A survey of optimal polynomial approximants, applications to digital filter design, and related open problems

TL;DR

This survey explores optimal polynomial approximants in Hardy spaces, their mathematical properties, applications in digital filter design, and highlights open problems in the field.

Contribution

It consolidates known results on optimal polynomial approximants, their connections to orthogonal polynomials, and discusses open questions in the area.

Findings

Optimal polynomial approximants are linked to orthogonal polynomials and reproducing kernels.

Zeros of optimal polynomial approximants have specific distribution properties.

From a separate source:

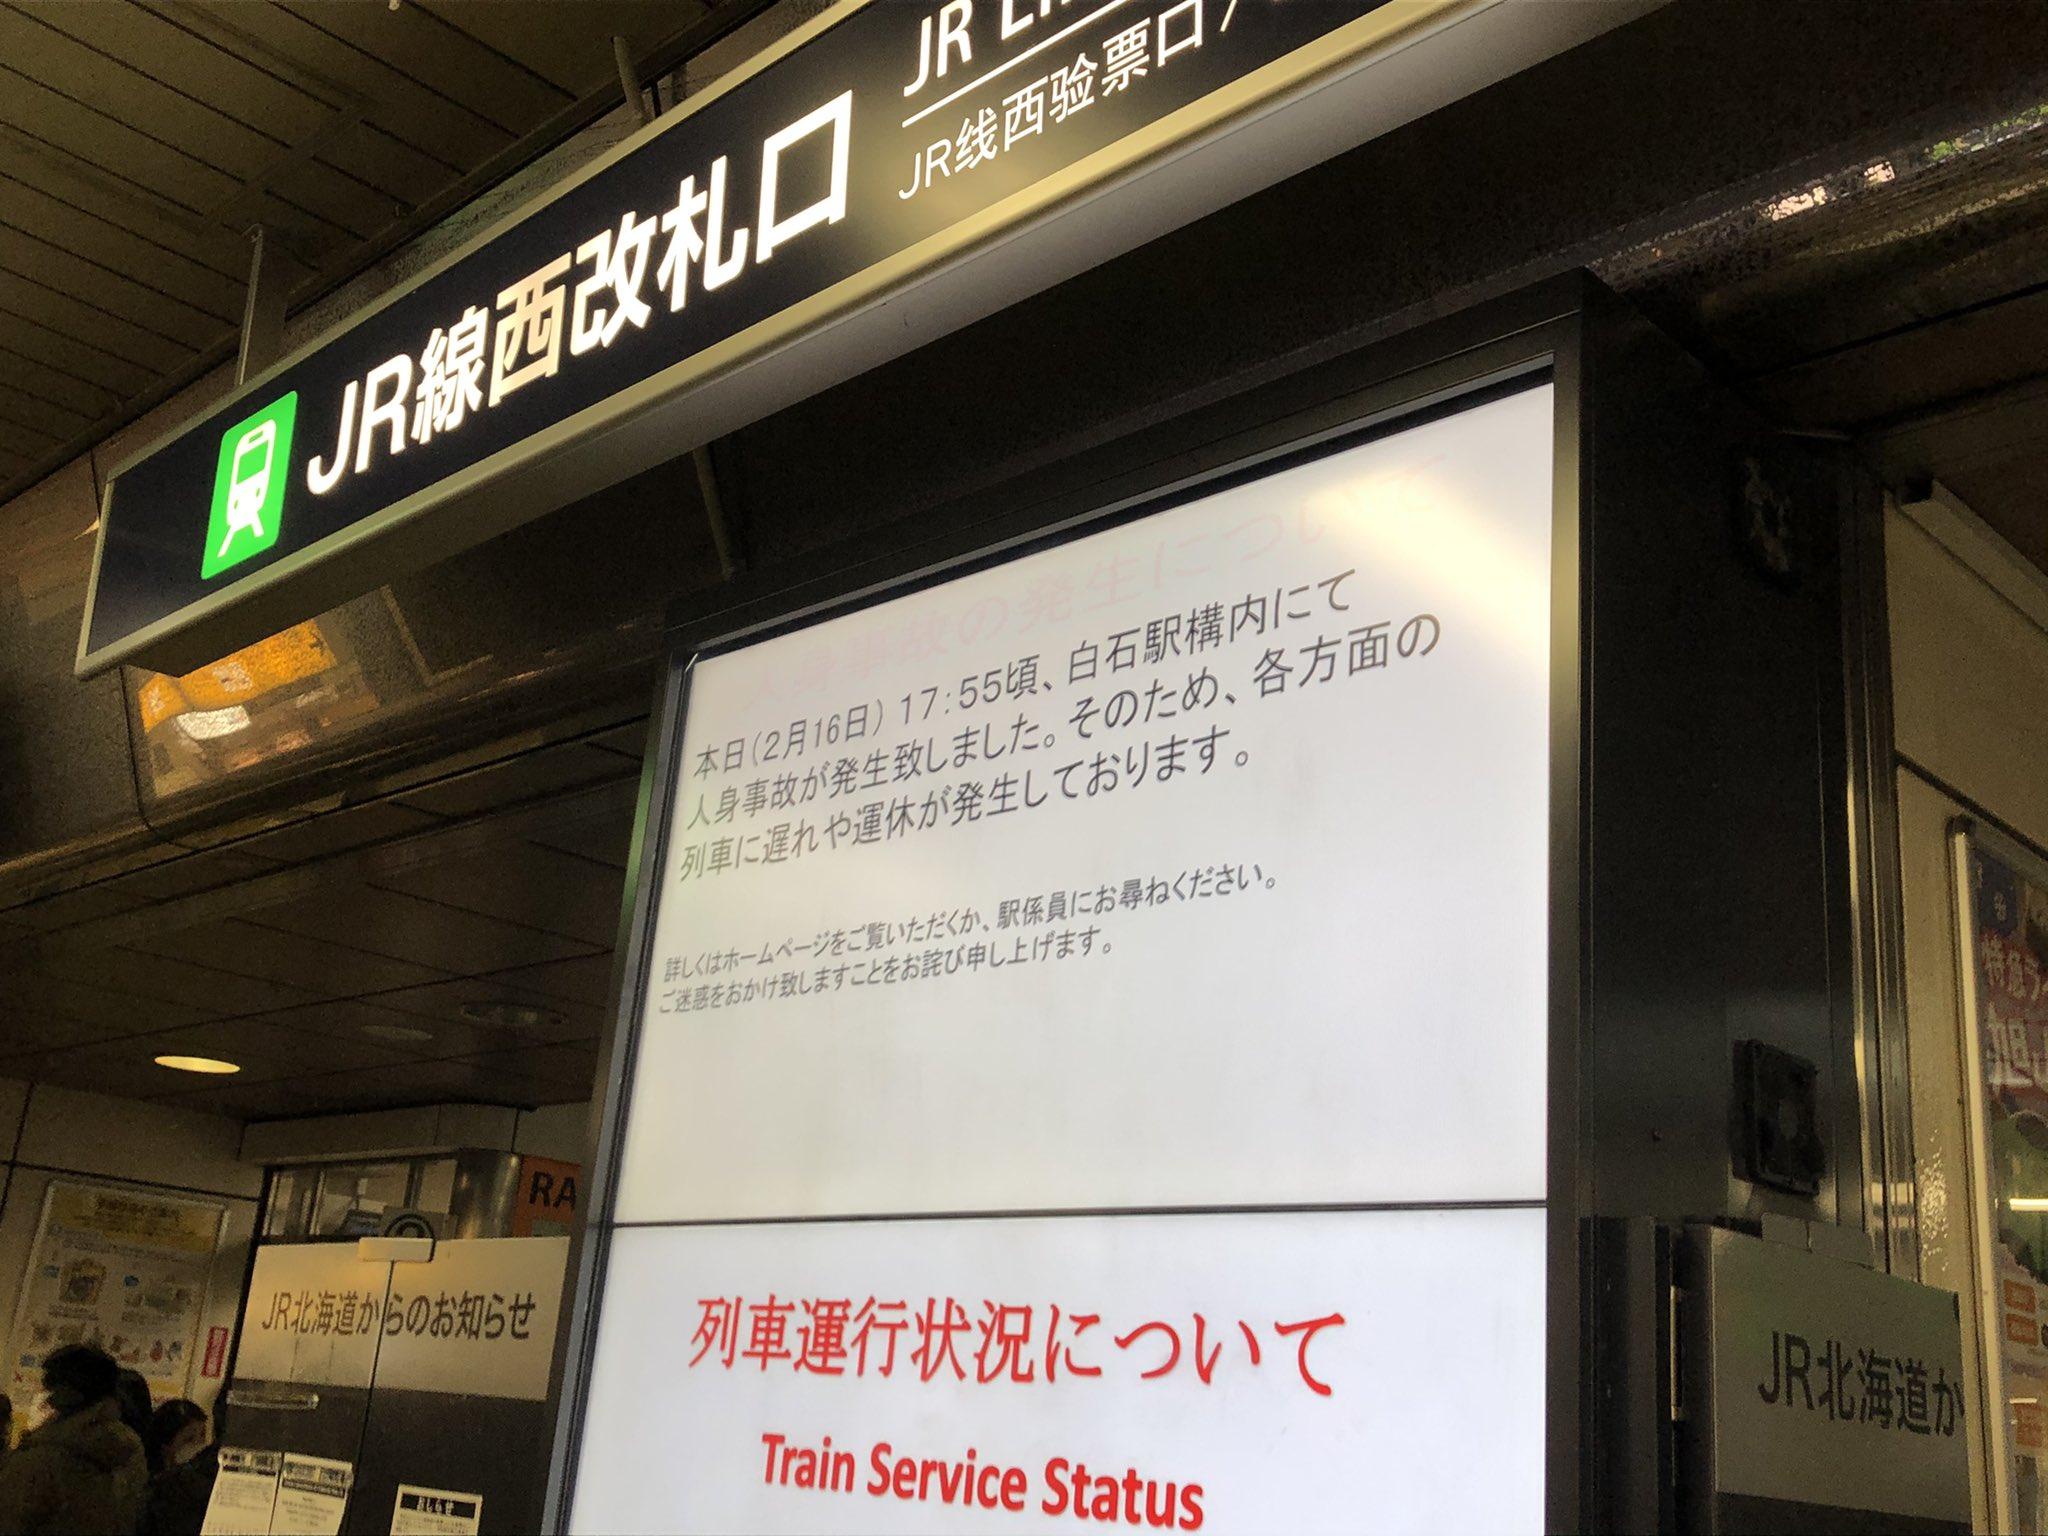 本線 運行 状況 函館

Convergence rates and decay behaviors are characterized for these approximants.

Abstract

In the last few years, the notion of optimal polynomial approximant has appeared in the mathematics literature in connection with Hilbert spaces of analytic functions of one or more variables. In the 70s, researchers in engineering and applied mathematics introduced least-squares inverses in the context of digital filters in signal processing. It turns out that in the Hardy space $H^2$ these objects are identical. This paper is a survey of known results about optimal polynomial approximants. In particular, we will examine their connections with orthogonal polynomials and reproducing kernels in weighted spaces and digital filter design. We will also describe what is known about the zeros of optimal polynomial approximants, their rates of decay, and convergence results. Throughout the paper, we state many open questions that may be of interest.